Gene Santos of the Dartmouth school of engineering says the effort is worth it.

(Santos) Two points of view. One is understanding ourselves, and two is building systems that can help other people, but there’s also a lot more beyond that, you can think of just the dream and impact of AI.

(Zind) Like Santos, most of those attending the conference are from the academic world.

But one fellow who flew in from London could best be described as an enthusiast. John Ellis is a member of the London Artificial Intelligence Club. He says club members are concerned about the potential drawbacks of the technology.

(Ellis) If you’ve got robots running around the streets that are quantumly more intelligent than man, we’re no longer top of the food chain. If they’ve got different goals irrespective to what men want, they may wipe us out.

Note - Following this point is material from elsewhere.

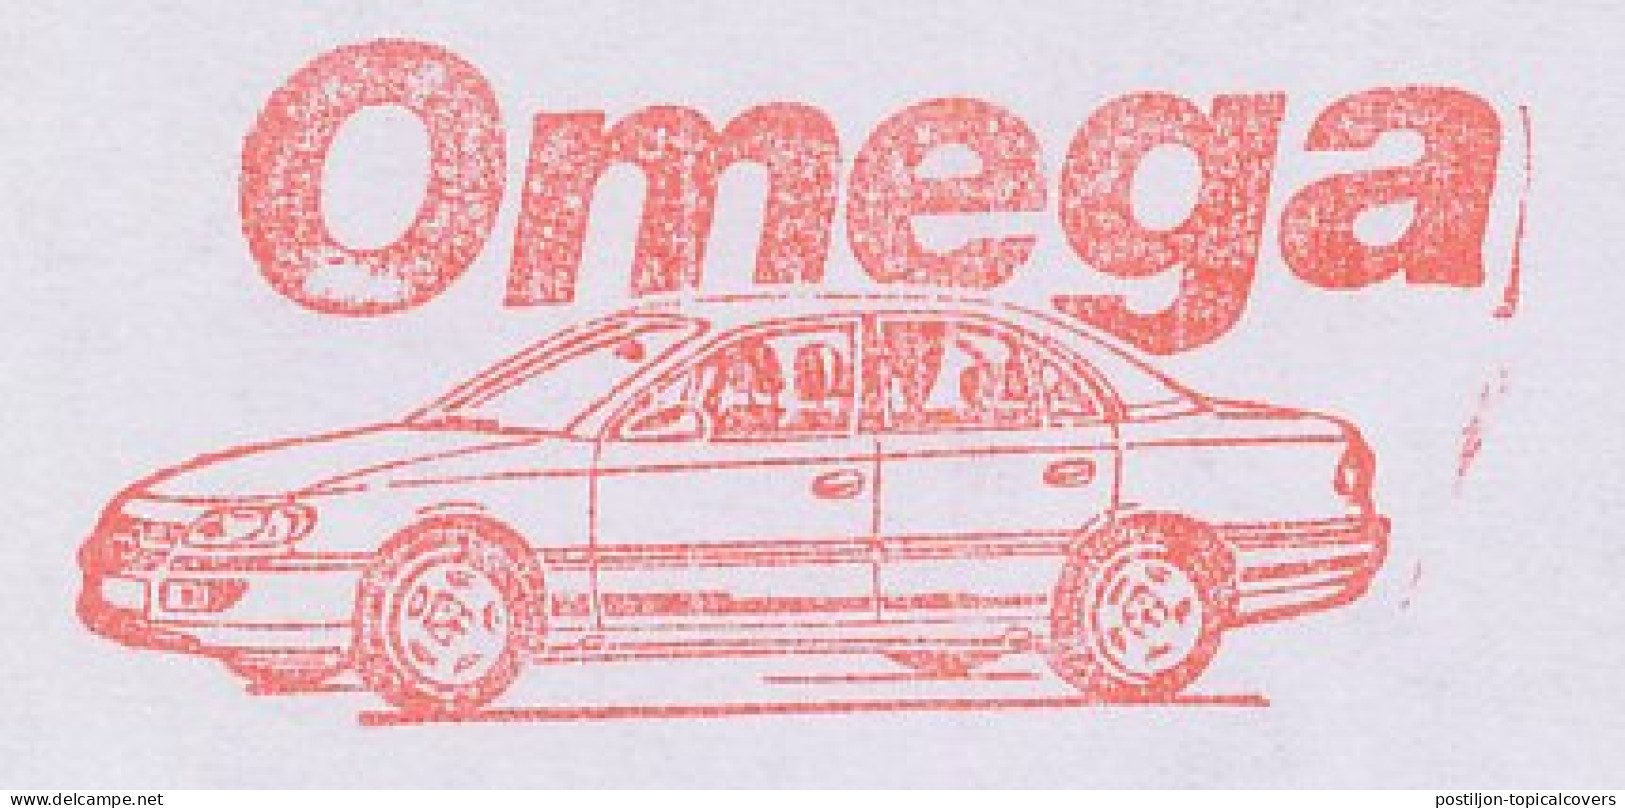 Meter Cut Germany 1997 Car - Opel Omega - Cars

(Zind) The last fifty years have given researchers a deep appreciation of the complexities of the brain and the difficulties of replicating the way we think.

Marvin Minsky was at Dartmouth fifty years ago for the first artificial intelligence conference. Minsky says he’s optimistic the problems will be solved but he says it may take a long time due to lack of resources.

(Minsky) I think American science is deteriorating rapidly. There are very few basic research laboratories and no young person can get a five year grant to work on something it’s month by month.

(Zind) Minsky says the answers to how the human mind works won’t be found until science learns the right questions to ask – and after fifty years of artificial intelligence research, he’s not convinced we’ve reached that point yet.

For Vermont Public Radio, I’m Steve Zind.